- Born: May 16, 1939 Winnipeg, Manitoba, Canada
- Education: University of Notre Dame
- Occupation: Sportscaster
- Employer(s): NBC, CBS, Fox, ESPN
- Spouses: Lee Ryan (m. ?–2002; her death); Patricia;
- Children: 4
- Parent: Joe Ryan

= Tim Ryan (sportscaster) =

Canadian-born American sportscaster (born 1939)
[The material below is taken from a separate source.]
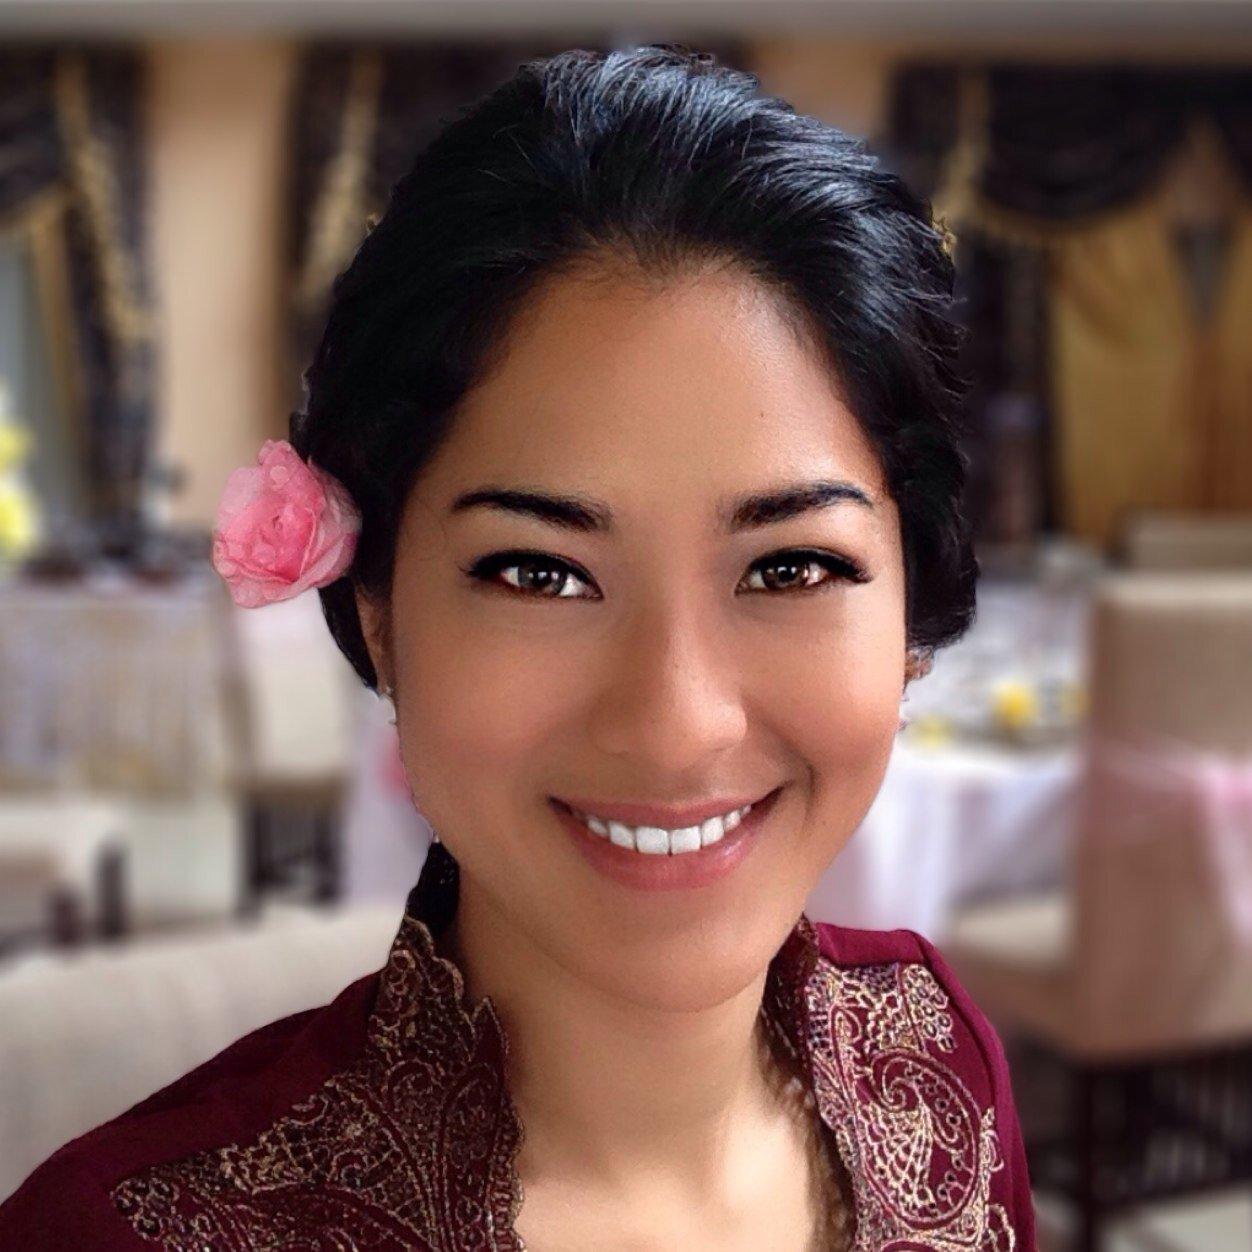 Prisia Nasution nude photos 2019
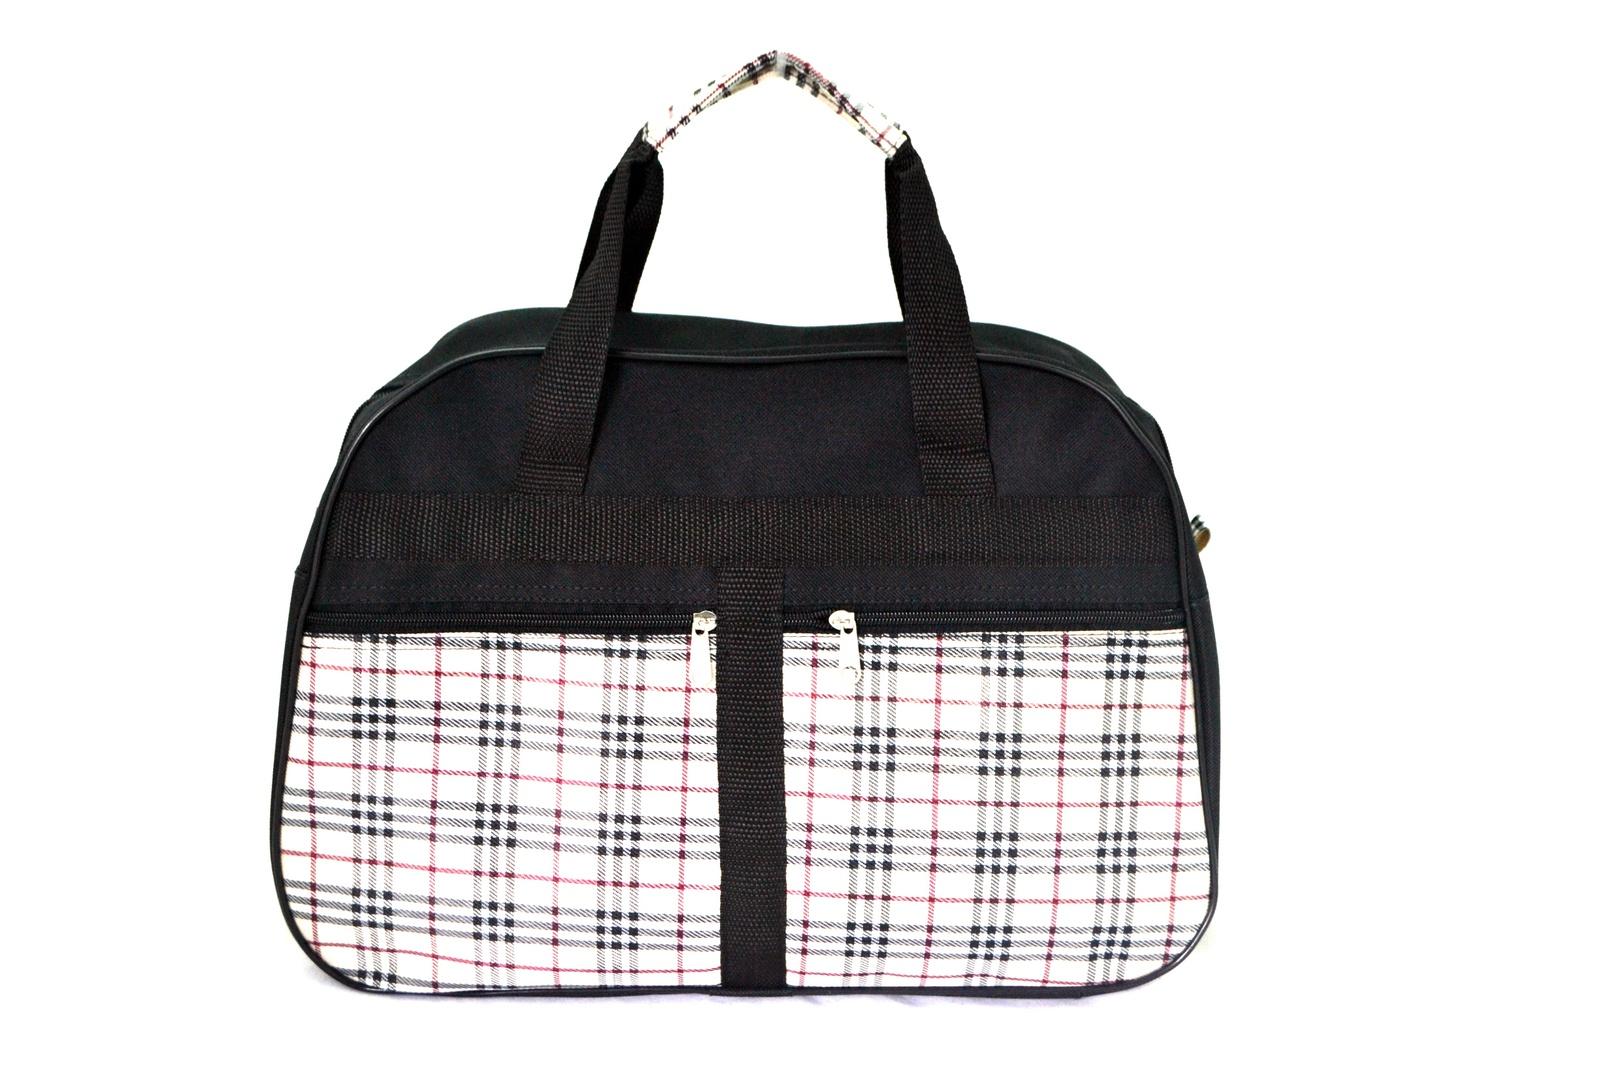 Сумка хозяйственная BINOM сумка хозяйственная shopping bag цвет голубой

Tim Ryan (born May 16, 1939) is a Canadian retired sportscaster who worked for NBC, CBS, Fox, and ESPN in the United States. He was the play-by-play announcer for the NHL on NBC from 1972 to 1975, called over three hundred championship boxing matches, and was a host and play-by-play announcer for Tennis on CBS.

==Early life==
Ryan was born in Winnipeg and raised in Toronto and attended De La Salle College. His father, Joe, was general manager of the Winnipeg Blue Bombers, Montreal Alouettes, and Edmonton Eskimos of the Canadian Football League and is a member of both the Canadian Football Hall of Fame and Canada's Sports Hall of Fame. In 1956, while attending high school, Ryan got his start in radio at CFRB in Toronto.

==Early career==
Ryan graduated from the University of Notre Dame with a degree in journalism. He was the sports director of the university's radio station. After graduating, he returned to Toronto and worked as a sportswriter for the Toronto Star. He then joined Toronto TV station CFTO when it launched on January 1, 1961. He was the station's assistant sports director until 1967, when he became the director of public relations for the San Francisco Seals – a Western Hockey League team that joined the National Hockey League the following season as the Oakland Seals. He also served as the team's radio and television play-by-play announcer.

==New York City==
In 1970, Ryan moved to New York City, where he was a news anchor and sportscaster at WPIX and a play-by-play announcer for the New York Rangers. In 1971, he called the Fight of the Century for Radio New Zealand and the American Forces Network. He was only English-language broadcaster to call the fight live. In 1972, he moved to NBC, joining the network’s sports division and local New York station WNBC. He was the lead announcer for the NHL on NBC from 1972 to 1975, when NBC ended hockey coverage due to poor ratings. Ryan remained with the network as an announcer for NFL games, boxing matches, and other events. From 1975 to 1982, Ryan called games for the New York Islanders alongside George Michael and Ed Westfall.

==CBS==
Ryan joined CBS in 1977 as a play-by-play announcer for the NBA on CBS, NFL on CBS, and boxing on the CBS Sports Spectacular. In 1982, he began calling college basketball games on CBS. From 1987 to 1994, he was the studio host for CBS' coverage of the US Open tennis tournament. In 1994, he and Jim Nantz became network's tennis play-by-play announcers after the departure of Pat Summerall. Ryan called alpine skiing at the 1992, 1994 and 1998 Olympic Winter Games. From 1996 to 1997, Ryan served as a play-by-play announcer for CBS' coverage of college football.

==Later career==
In 1998, Ryan moved to Fox, where he was the play-by-play announcer for NFL games and World Bowl '98. In 2003 and 2004, Ryan was a play-by-play announcer for ESPN College Football. He hosted a nightly recap show on SIRIUS radio during the 2006 Wimbledon Championships.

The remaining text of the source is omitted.